Monday, December 31, 2012

Japan: If Shinzo Abe can bring Rooseveltian resolve to Japan and break the back of deflation, it'll be important not just for the world's #3 economy but as an example to the rest of the developed world. Noah Smith, who knows Japan much better than I do, says we shouldn't put our faith in Abe who's really just an ugly nationalist and not any kind of monetary policy wonk. I would say there's no contradiction there. The ugly nationalists running Japan in the 1930s were the first to ditch gold and beat the recession. Adolf Hitler ran a very intelligent and forward-thinking monetary policy regime. Sometimes it takes a national security hawk to beat the inflation hawks. That said, if the upshot is an invasion of Manchuria and a sneak attack on Hawaii we may end up missing the good old days of prolonged Japanese economic stagnation.
Smith seems to have rewritten his blog post ("OK, maybe I'm wrong. I'm no expert in Japanese politics, just a guy who has been reading about the LDP for a long time. If Abe follows through on his radical monetary proposals, I'll gladly eat crow. But think of it this way. ") and has a second update:
Update 2: I think Reddit puts it very succinctly by saying: "Shinzo Abe isn't reading Scott Sumner, he just wants a return to Japanese mercantilism." That's exactly it.
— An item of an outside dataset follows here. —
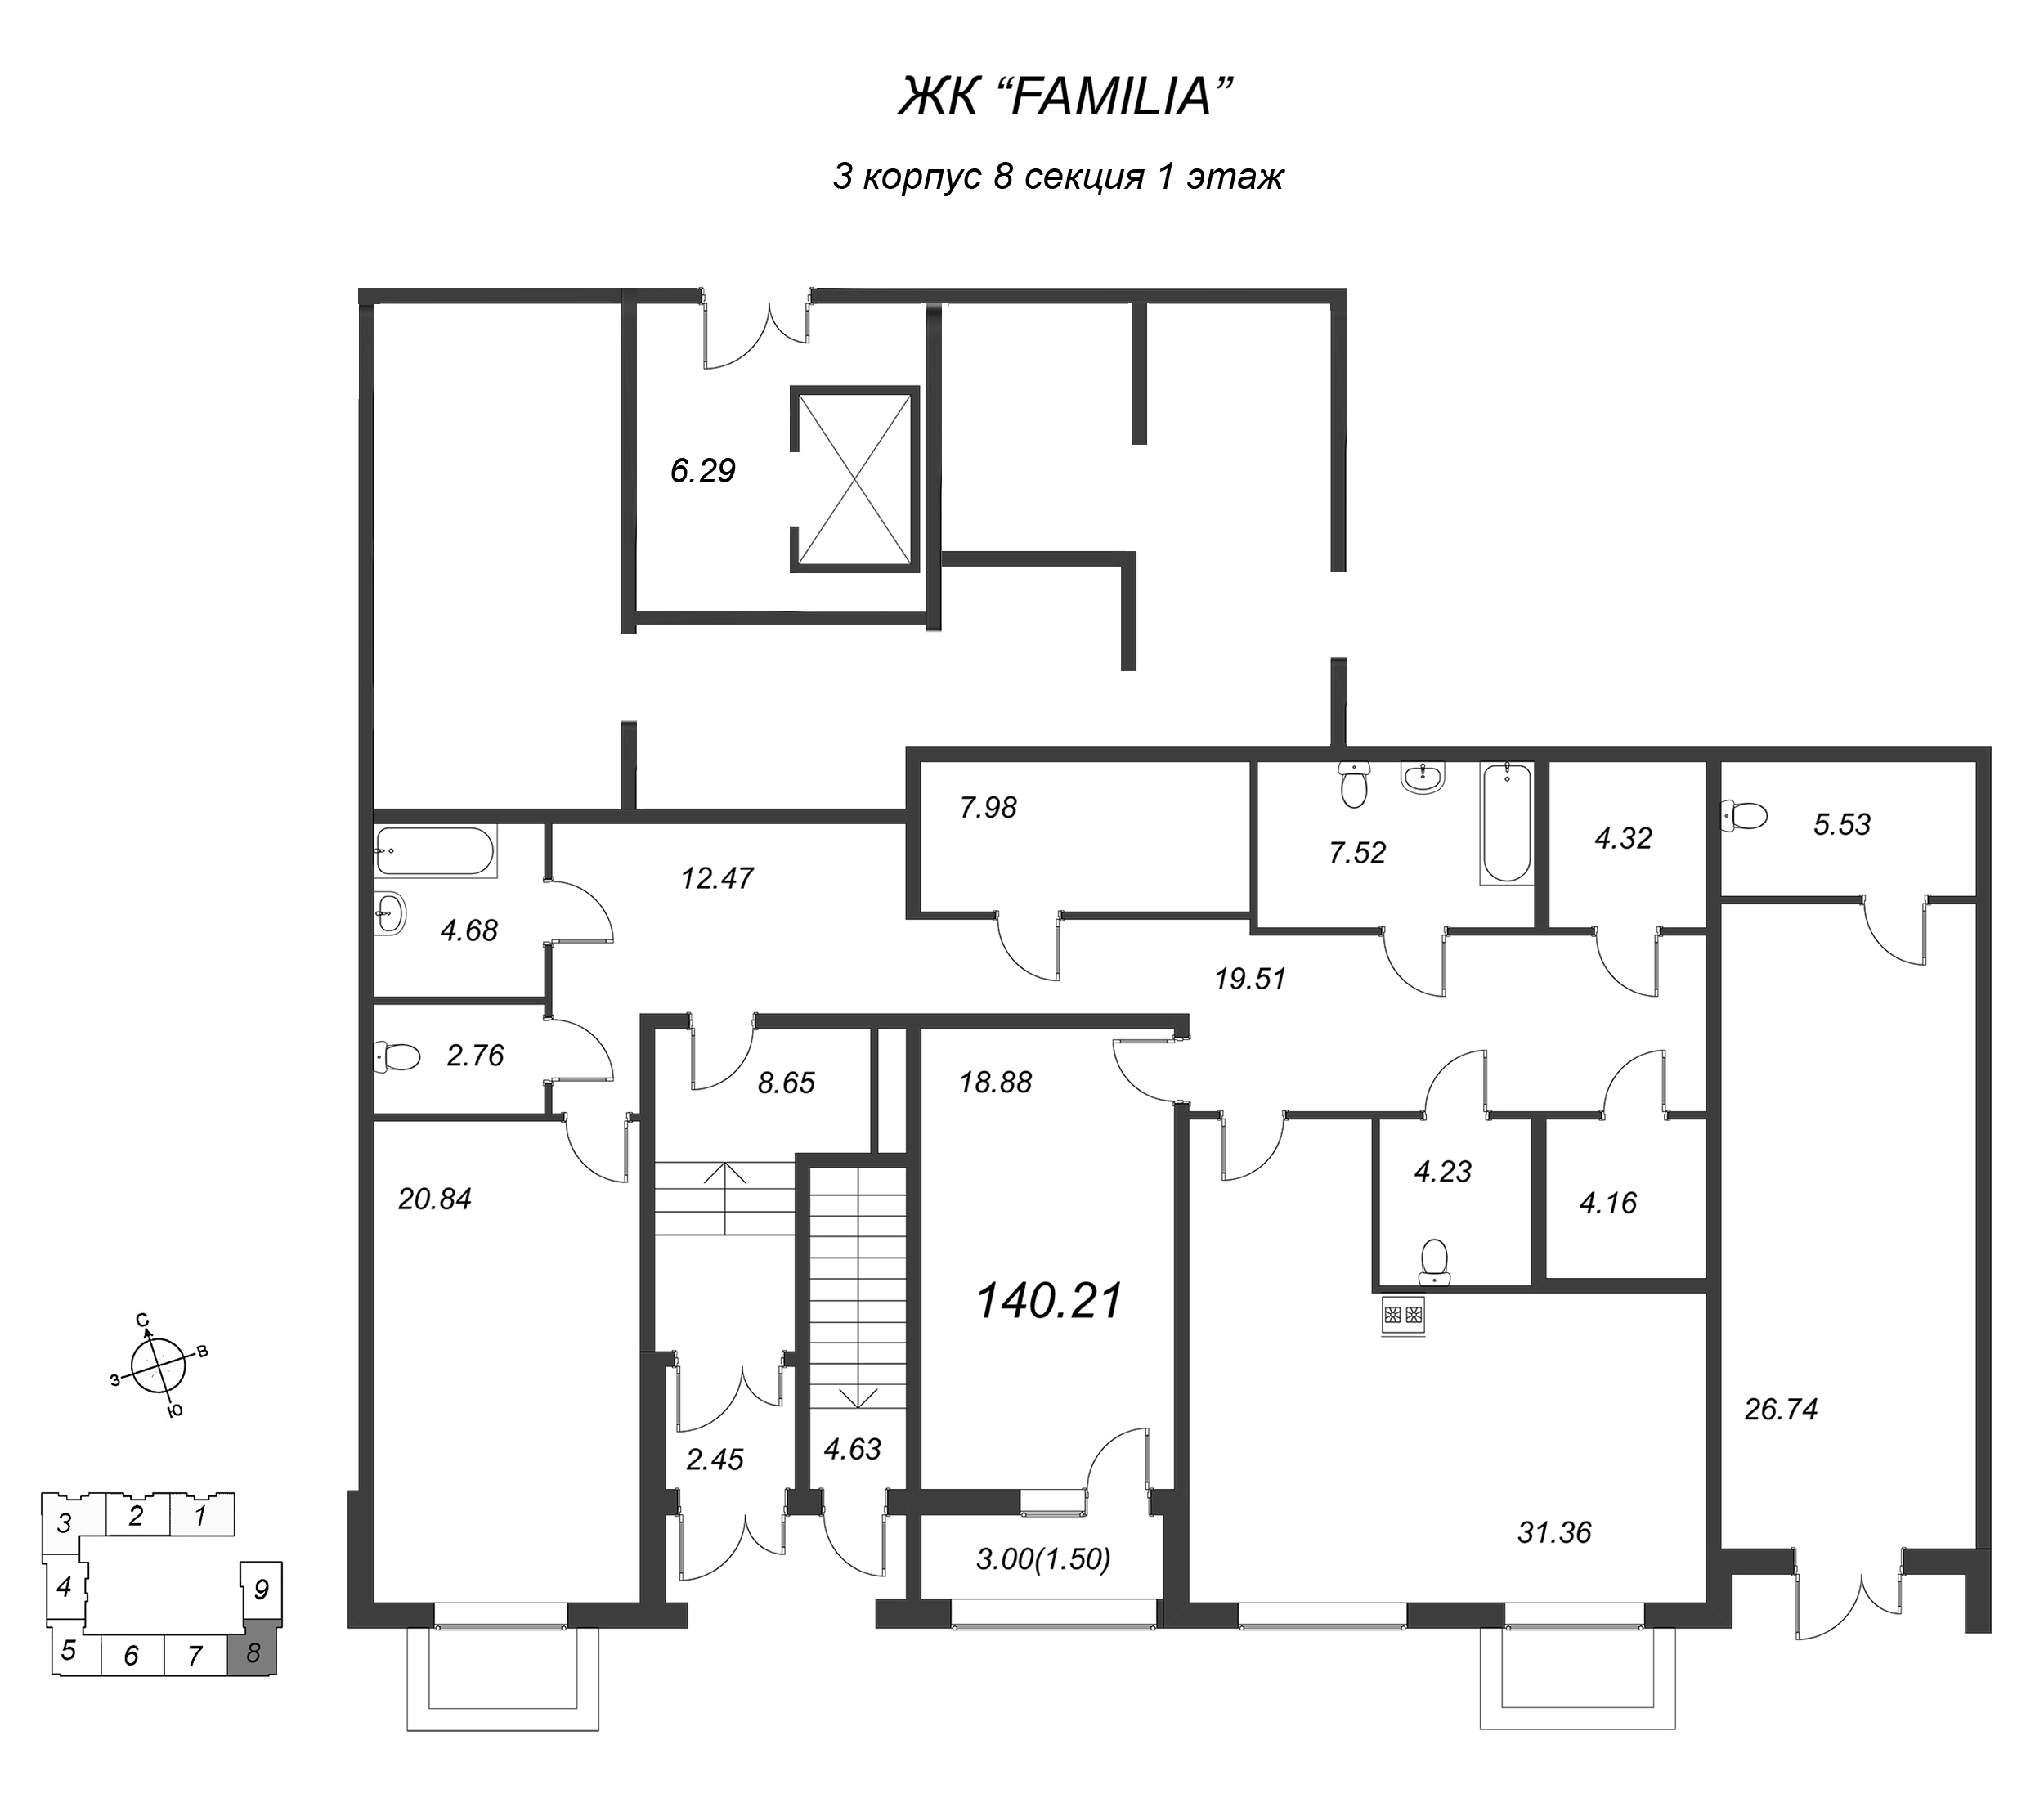 2-комнатная квартира, 140.3 м² в ЖК "FAMILIA" - планировка этажа

A mercantilist in monetarist's clothing.
And then weirdly Smith seems to be agreeing with Yglesias in a new post "Should Japan Reflate?"
Now, I've gone on the record as a skeptic regarding the power of central banks to fine-tune the macroeconomy. In that post, I mentioned the idea of an inflation "snap-up", where expansionary monetary policy suddenly and unpredictably pushes inflation from very low to problematically high. Also, I've cast doubt on the idea that Shinzo Abe, the current hero of the Japanese "reflationist" camp, is really committed to following through on the radical changes he's proposed. 
Still, I think that if Japanese politicians and policymakers were willing to try a big push for reflation, it would be a good idea.